Машинист ничего сделать не смог. Он и так тормозил разогнавшийся по тоннелю состав! И в следующее мгновение рельсы и стены вокруг места падения на пути парня в варёнке забрызгало кровью размозжённого массивными колёсами поезда тела несчастного. Этого не было видно, проходившие, а потом остановившиеся впритирку с перроном вагоны всё это закрыли, да только Паша всё равно это знал.

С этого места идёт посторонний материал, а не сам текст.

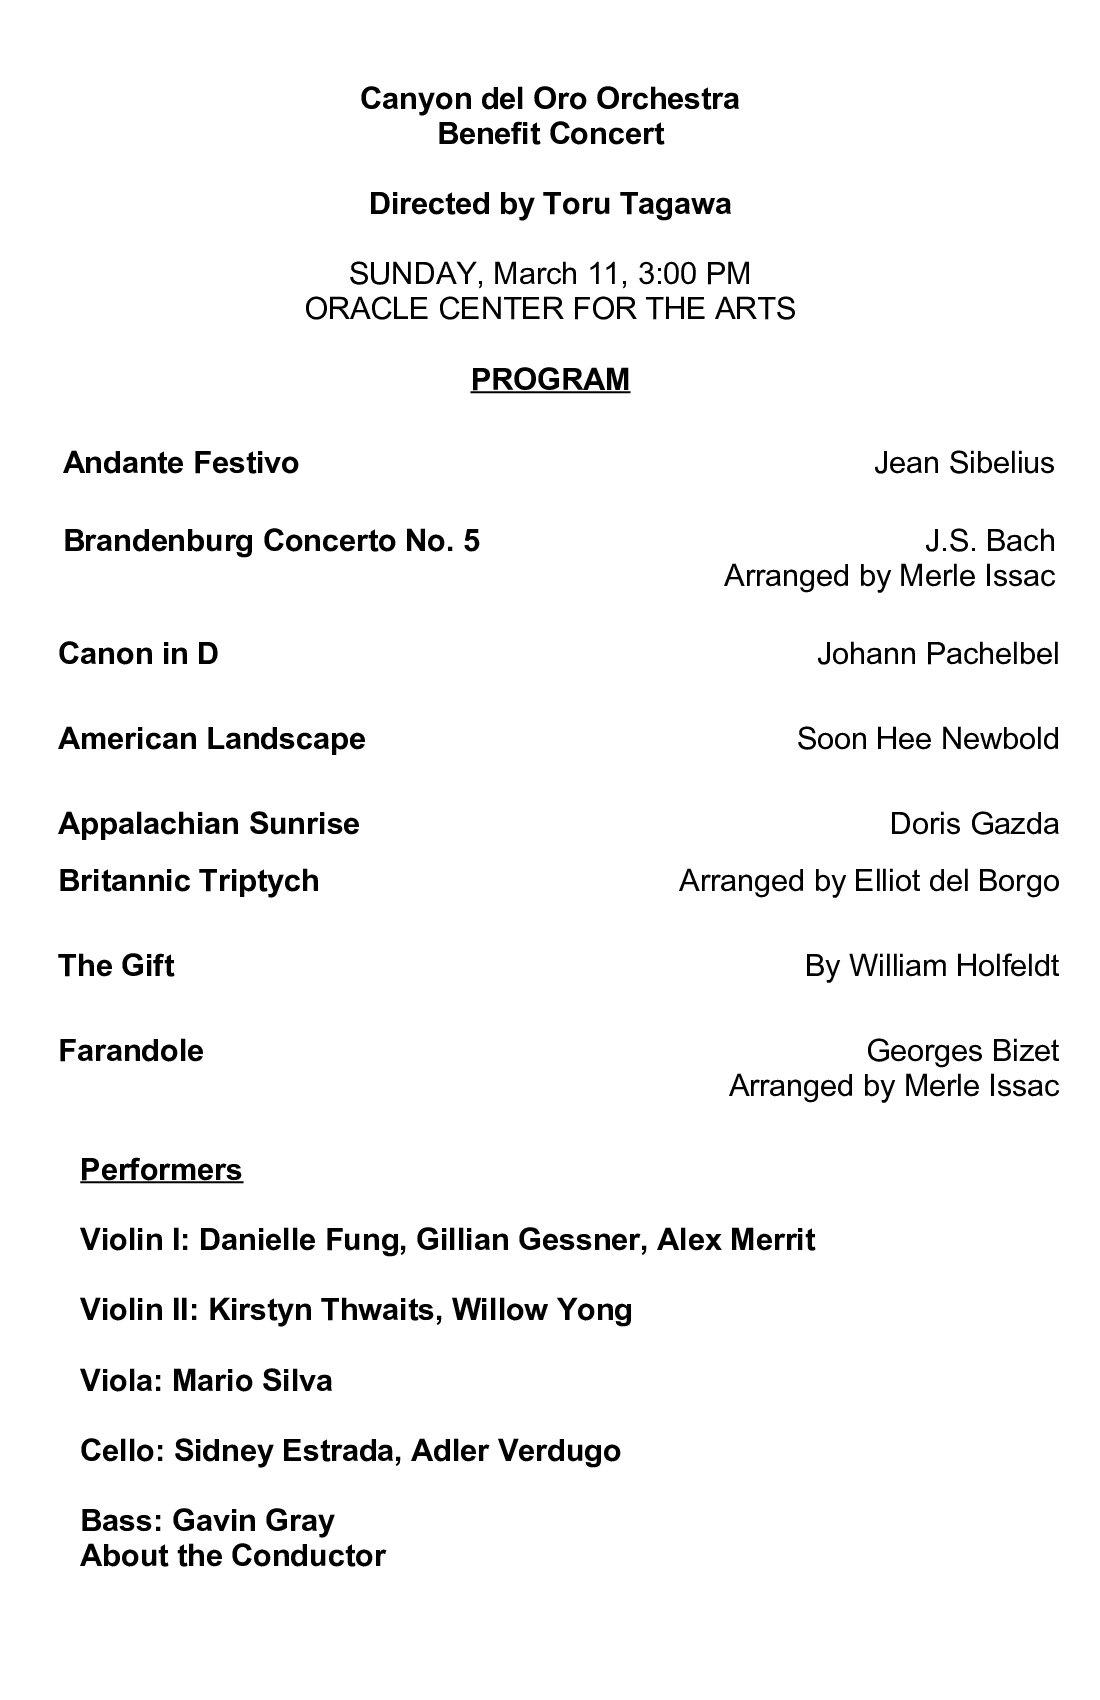 CDO Orchestra Concert Program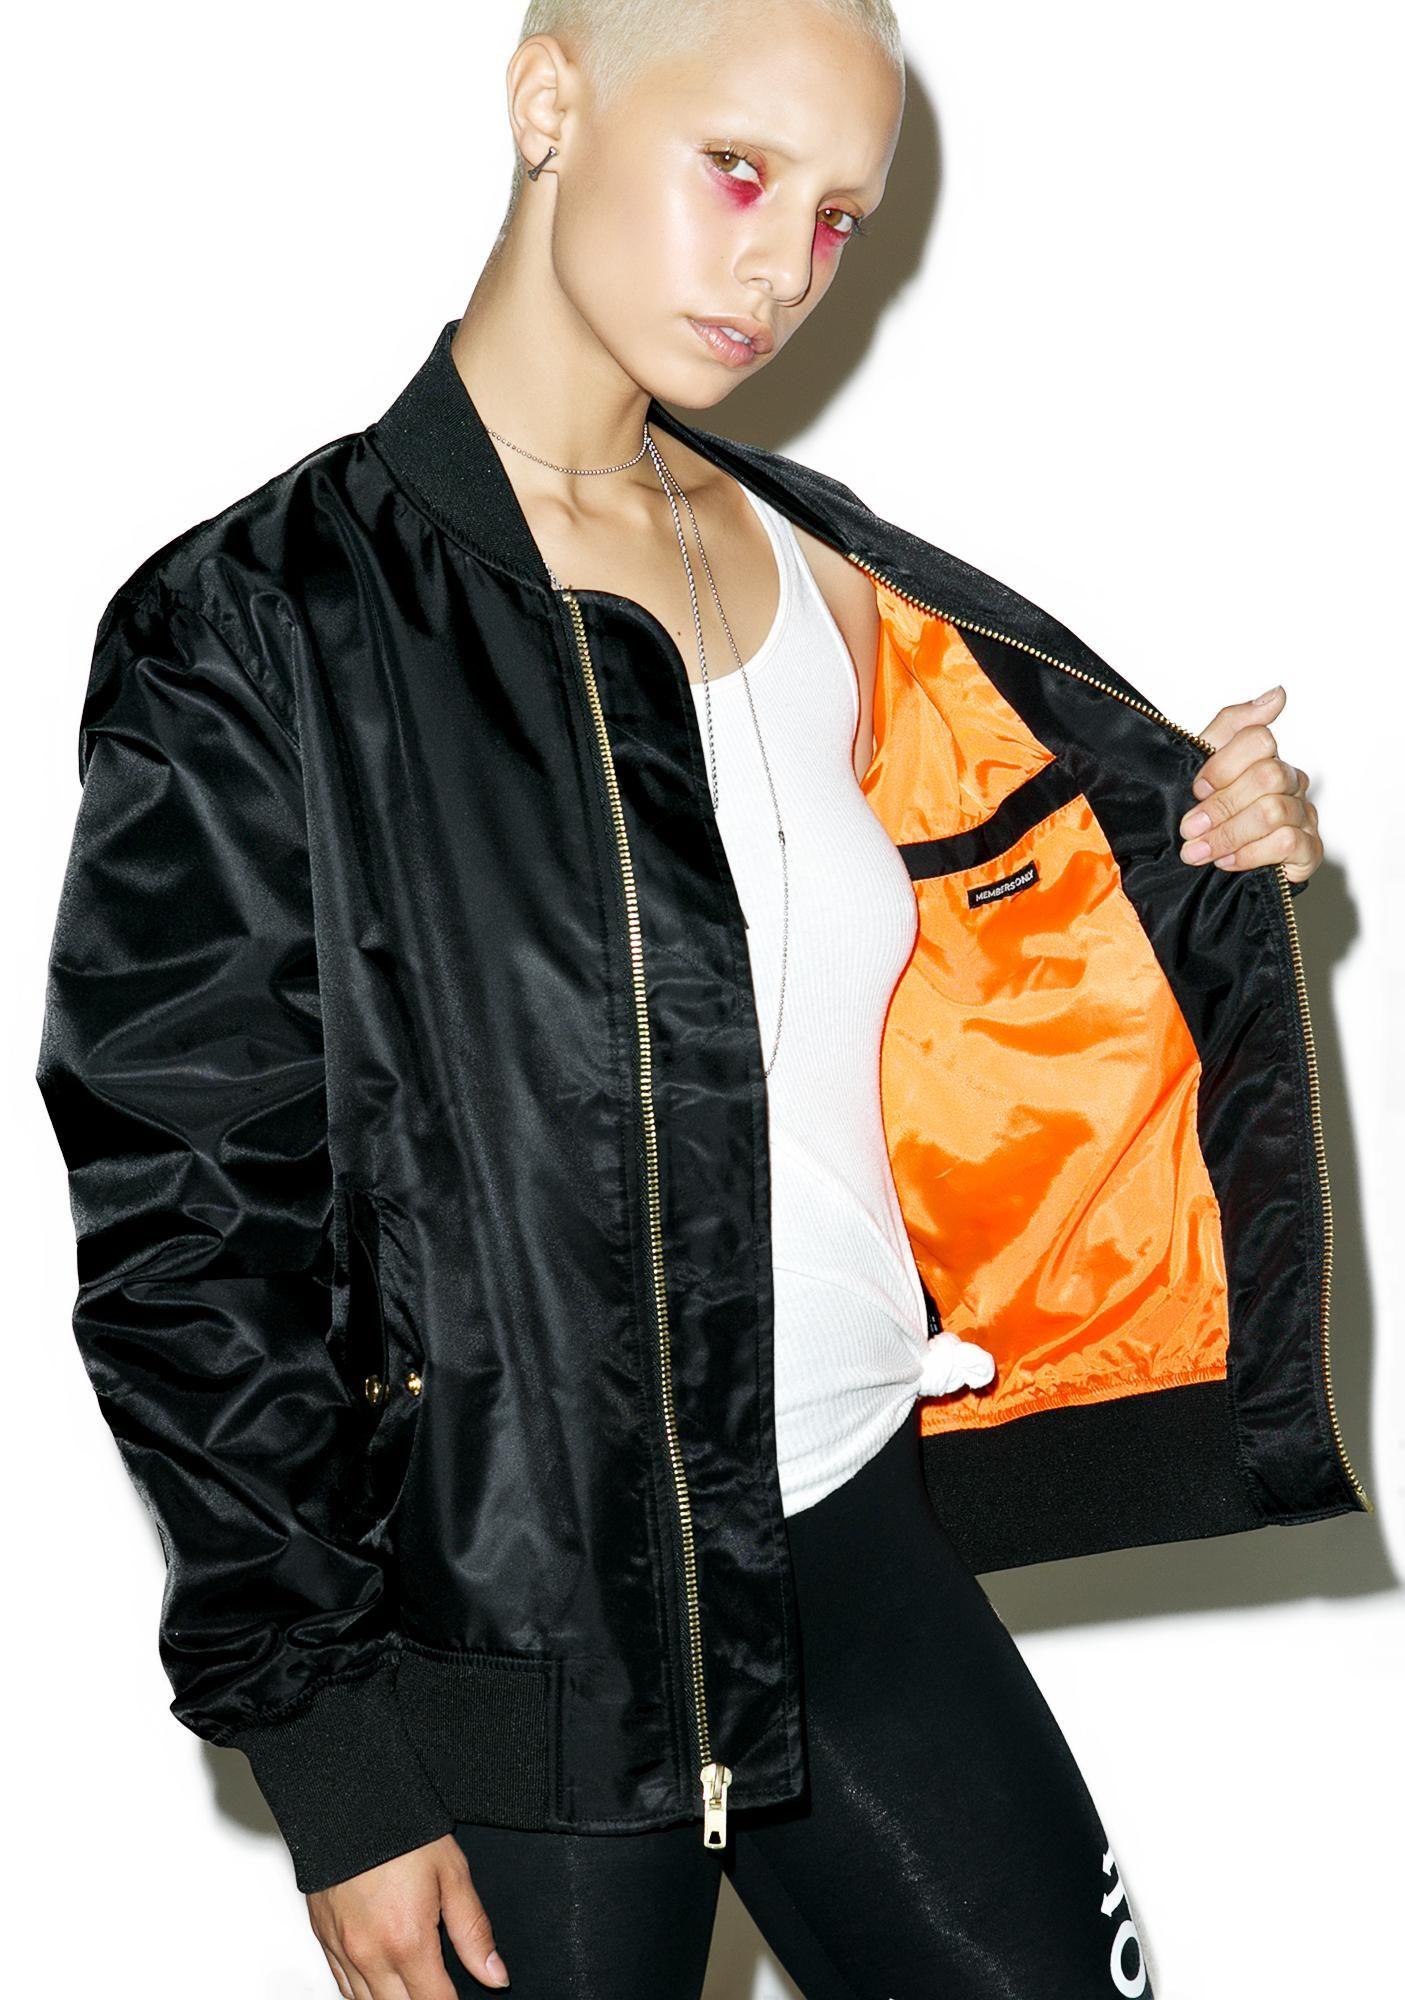 Ma 1 Bomber Jacket Bomber Jacket Jackets Clothes Design [ 2000 x 1405 Pixel ]

Густо испачканные кровью рельсы и стены неведомо как стояли у него перед глазами.
* * *
Из полиции его отпустили только наутро следующего дня.
Пригревавшее с утра сентябрьское солнце встретило Пашу на улице, едва он только показался из дверей ОВД, тёплыми, заботливыми, словно мамины руки, лучами. Оно как будто понимало, через что парню пришлось пройти, покуда оно обогревало другую сторону их огромной планеты, и теперь его утешало. Однако, парень всё равно оставался хмур и зашагал по улице, понуро опустив голову. Конечно, здесь брала своё и усталость, навалившаяся после бессонной ночи да ещё этих бесконечных «как» и «почему», высыпанных ему на голову полицейскими в ОВД. Но, самым главным в причинах этой его угрюмости всё же было случившееся накануне ночью, под впечатлением которого он находился до сих пор. Вот, значит, кто совершал все эти, так нашумевшие в последнее время, убийства! Какой-то маньяк-«полицейский». А может, просто маньяк, переодетый в полицейскую форму… И что больше всего бросало – до сих пор! – Павла в дрожь, убийца-то вначале подходил и пялился на него! На Пашу! Словно оценивая, подойдёт ли тот на роль очередной его жертвы. Это сейчас и в ОВД отметили, сделав вывод, что у маньяка, значит, были какие-то, пока только одному ему известные, критерии, по которым он выбирал себе жертвы и по которым Павел, – к его огромному счастью, – ему не подошёл.
Паша ничего не смог рассказать полицейским о том, куда пошёл, побежал, или ещё как-то скрылся, убийца в подземке. Он с самого того момента, как по сторонам брызнула кровь размозжённого об рельсы большими железными колёсами парня, напрочь потерял из виду виновника трагедии. Как будто его вообще там не было. Или словно он надел шапку-невидимку.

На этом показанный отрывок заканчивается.